- Born: February 15, 1947
- Died: March 15, 2023 (aged 76)
- Education: Université du Québec à Montréal
- Occupations: Screenwriter, political activist

= Jacques Cossette-Trudel =

Canadian political activist (1947–2023)

Jacques Cossette-Trudel (February 15, 1947 – March 15, 2023) was a French Canadian screenwriter and political activist who, as a 23-year-old, was a member of the FLQ (Cellule Front de Liberation du Québec). In October 1970 their cell kidnapped British diplomat James Richard Cross in Montreal, Quebec, Canada. In October 1970, Cossette-Trudel and the other members of the cell exchanged a healthy James Cross to become an exile to Cuba and later to France. Years later, after returning to Montreal, he was convicted of the offence of kidnapping and served two years time in prison. He since worked as a communication counselor and filmmaker in Quebec until his death in 2023.

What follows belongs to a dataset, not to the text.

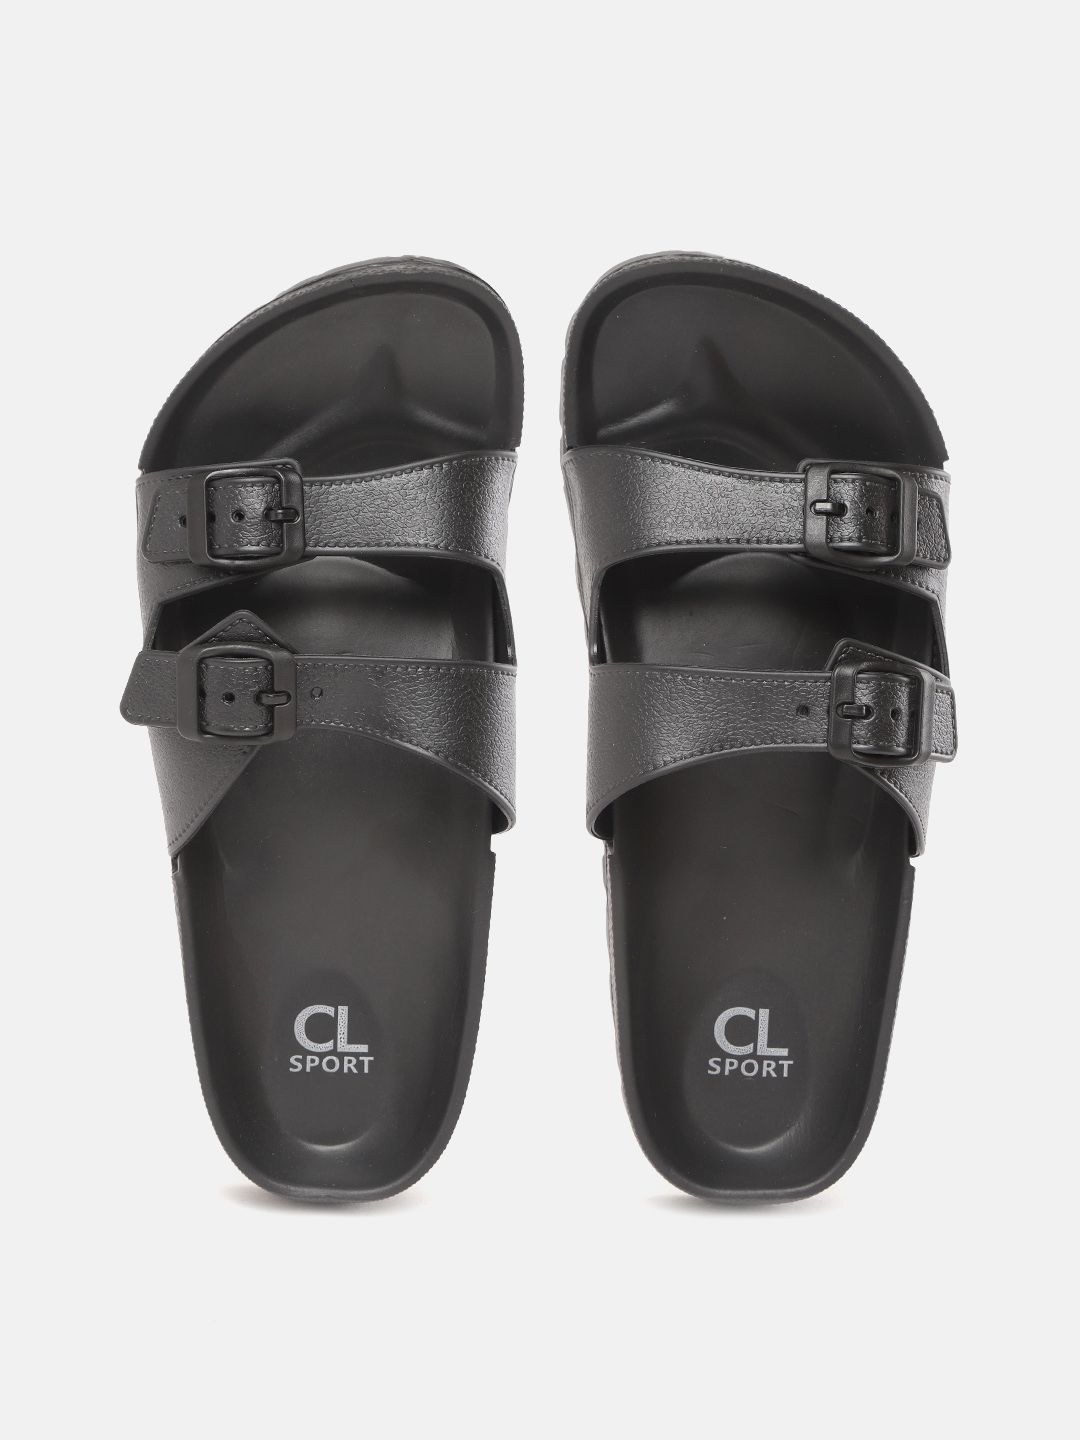 Carlton London Women Black Slip-Ons with Buckles Price in India

==Early years and education==
Cossette-Trudel was born on February 15, 1947. While a student at the Université du Québec à Montréal, he became active in left-wing politics with the Groupe Marxiste Revolutionnaire, a Quebec-based part of The Waffle, a radical wing of Canada's New Democratic Party. In May 1968, he was deeply involved in Montreal in the organization of the student movement for the democratization of the education system. Soon after, Cossette-Trudel's views became more extreme and he joined the Front de libération du Québec, whose members were responsible for a decade of radical manifestos, bombings and armed robberies in the Province of Quebec.

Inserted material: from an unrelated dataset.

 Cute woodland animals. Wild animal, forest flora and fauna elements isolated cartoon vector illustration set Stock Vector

While still a student, he met and married another leftist, Louise Lanctôt. During what became known as the October Crisis, as the leader of the FLQ's Liberation Cell, on October 5, 1970, Jacques Cossette-Trudel along with his wife Louise, her brother Jacques Lanctôt, Yves Langlois, Nigel Hamer, and Marc Carbonneau abducted James Cross, the British Trade Commissioner, from his Montreal home, demanding the release of 27 convicted FLQ militants and the publication of the group's political manifesto. The Government of Canada, at the invitation of the Quebec provincial government, responded with the adoption of the War Measures Act. Under this law, 500 citizens were jailed and 10,000 Canadian soldiers were deployed on the streets of Montreal. Believing many of their fellow citizens would join an uprising, the goal of the FLQ was to create an independent socialist state based on the ideals of Fidel Castro's Cuba and the Algerian revolution.

Early in December 1970, police discovered the location of Cossette-Trudel's Liberation Cell hideout. The safe release of their hostage, Cross, was negotiated and on December 3, 1970, after Cossette-Trudel, his wife, and the other known members of his cell were granted safe passage to Cuba, with approval from Fidel Castro, Cross was released.

==Exile==
Jacques Cossette-Trudel and his wife remained in Cuba for four years. They worked as volunteers for the Cuban press agency Prensa Latina. Their son, Alexis Cossette-Trudel, was born in 1972. In 1974, they moved to France as political asylum seekers. Although asylum was refused, they were permitted to remain in France. Their second child, Marie-Ange Cossette-Trudel, was born in France in 1974.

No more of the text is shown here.